Geologic stages are shorter than epochs and they tend to be named after the places where the layers were first explored, even if similar layers are found elsewhere: Piacenzian, Gelasian, Calabrian …  But the margins of error are still given as ± 0.005 million years, which means ± 5000 years, the time span of the so-called Anthropocene. 

Geologic time is not the only long wave.  The 1954 reference Earth as a Planet, edited by Gerard P. Kuiper, has no index entries for humans, animals, or plants.  About halfway through the 744-page work, in a chapter by G. E. Hutchinson of Yale, "The Biochemistry of the Terrestrial Atmosphere", is this passage:  “The carbon cycle, as it is commonly understood in biology, consists of the photosynthetic reduction of CO2 by green plants and a certain number of purple and green bacteria and the subsequent respiratory release by plants, bacteria, and a to a less extent of animals, of Co2 to the atmosphere.” (p. 379).
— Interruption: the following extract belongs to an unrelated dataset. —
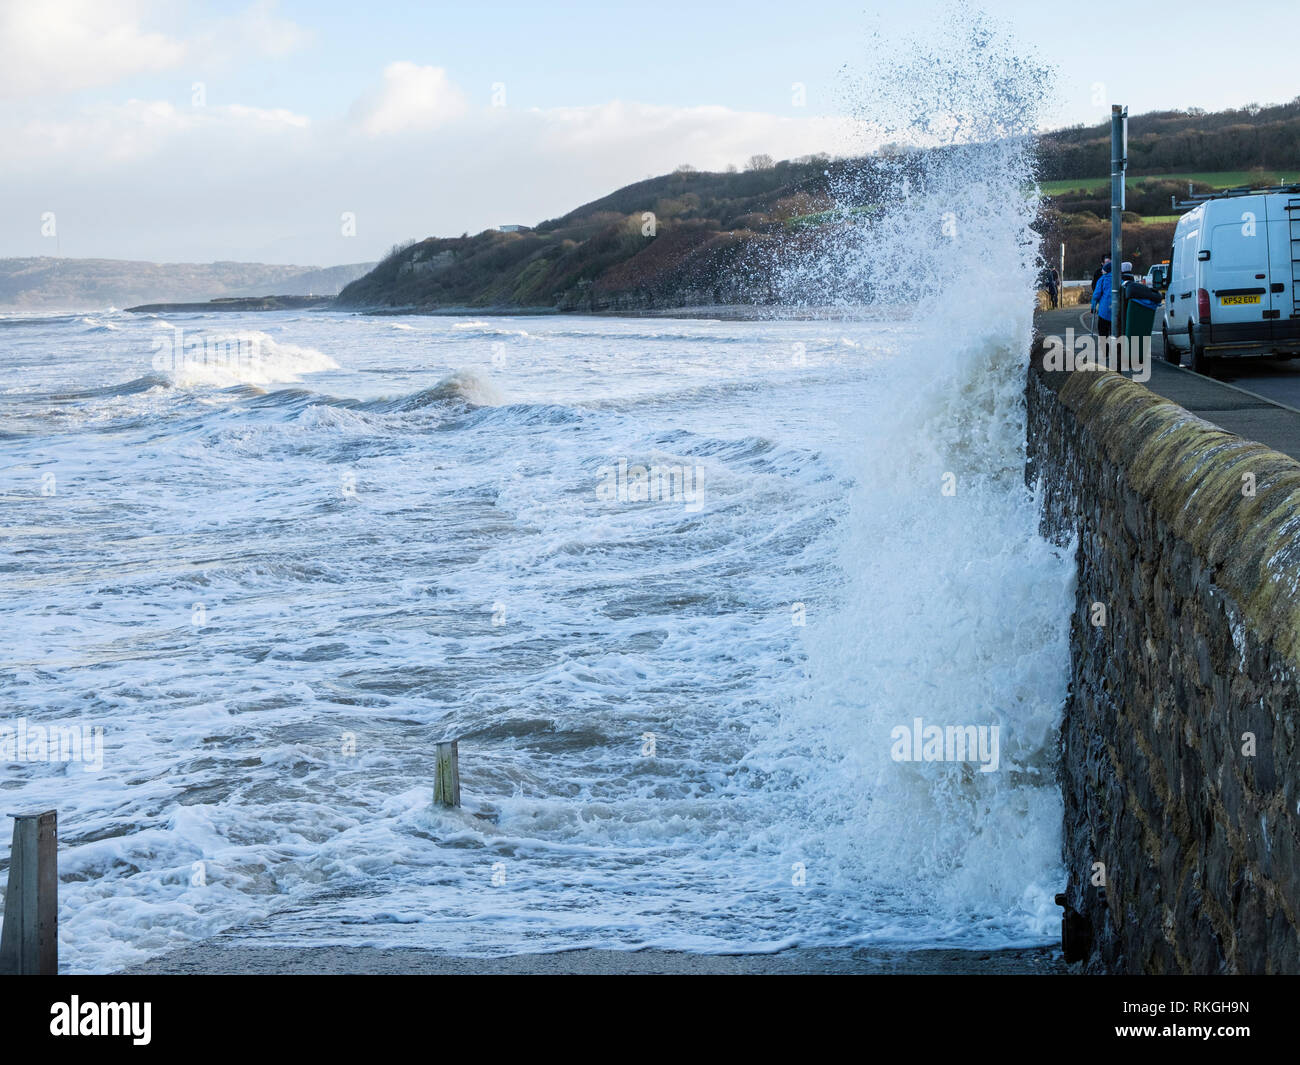 L'état de la mer et les vagues se briser contre le mur sur la mer pendant un coup de vent en bord de mer à marée haute. Benllech, Ile d'Anglesey, au Pays de Galles, Royaume-Uni, Angleterre Banque D'Images

Man is the measure of all things.  But measurements must be appropriate.  The Moon is 384,403 km away, center to center, even though we do not travel from the center to the center.  Knowing that in millimeters does not give you much more information. 
Stars that have been touched by our
television signals
Anthropocene means “Man recent”.  It violates the rules of nomenclature and is gendered.  Why not call this the Gynocene?  The word “people” ultimately comes from a doubling for intensity of the first syllable of “poloi” which means “many.”  (Pepper is another example: achoo!)   Linguists who theorize a common source for all Afro-Asiatic languages use the word “Nostratic” ultimately from the Latin nos for “we” and, so, “nostras” for we-folks, countrymen, natives, etc.  Homo-words carry too many other meanings. We have enough problems with homo erectus.  Civilization may be sine qua non of who we are.  It is not clear when, measured by paleontology, we became rational and self-aware, versus just being smarter apes.  And those may be two different events.  The recent discovery of cave paintings  in Indonesia that are 40,000 years old and similar to equally old works in Europe suggests much, but answers little. 

We have been radiating electromagnetic signals into space since 1840.  Voyager 2 has been on an “interstellar mission” since 1990.  Even though the sun will expand and burn the planet, some of our descendants may witness that.  And, just as we know Paleozoic millimeter-sized plants from their fossils, they too, may have evidence of our having been here now.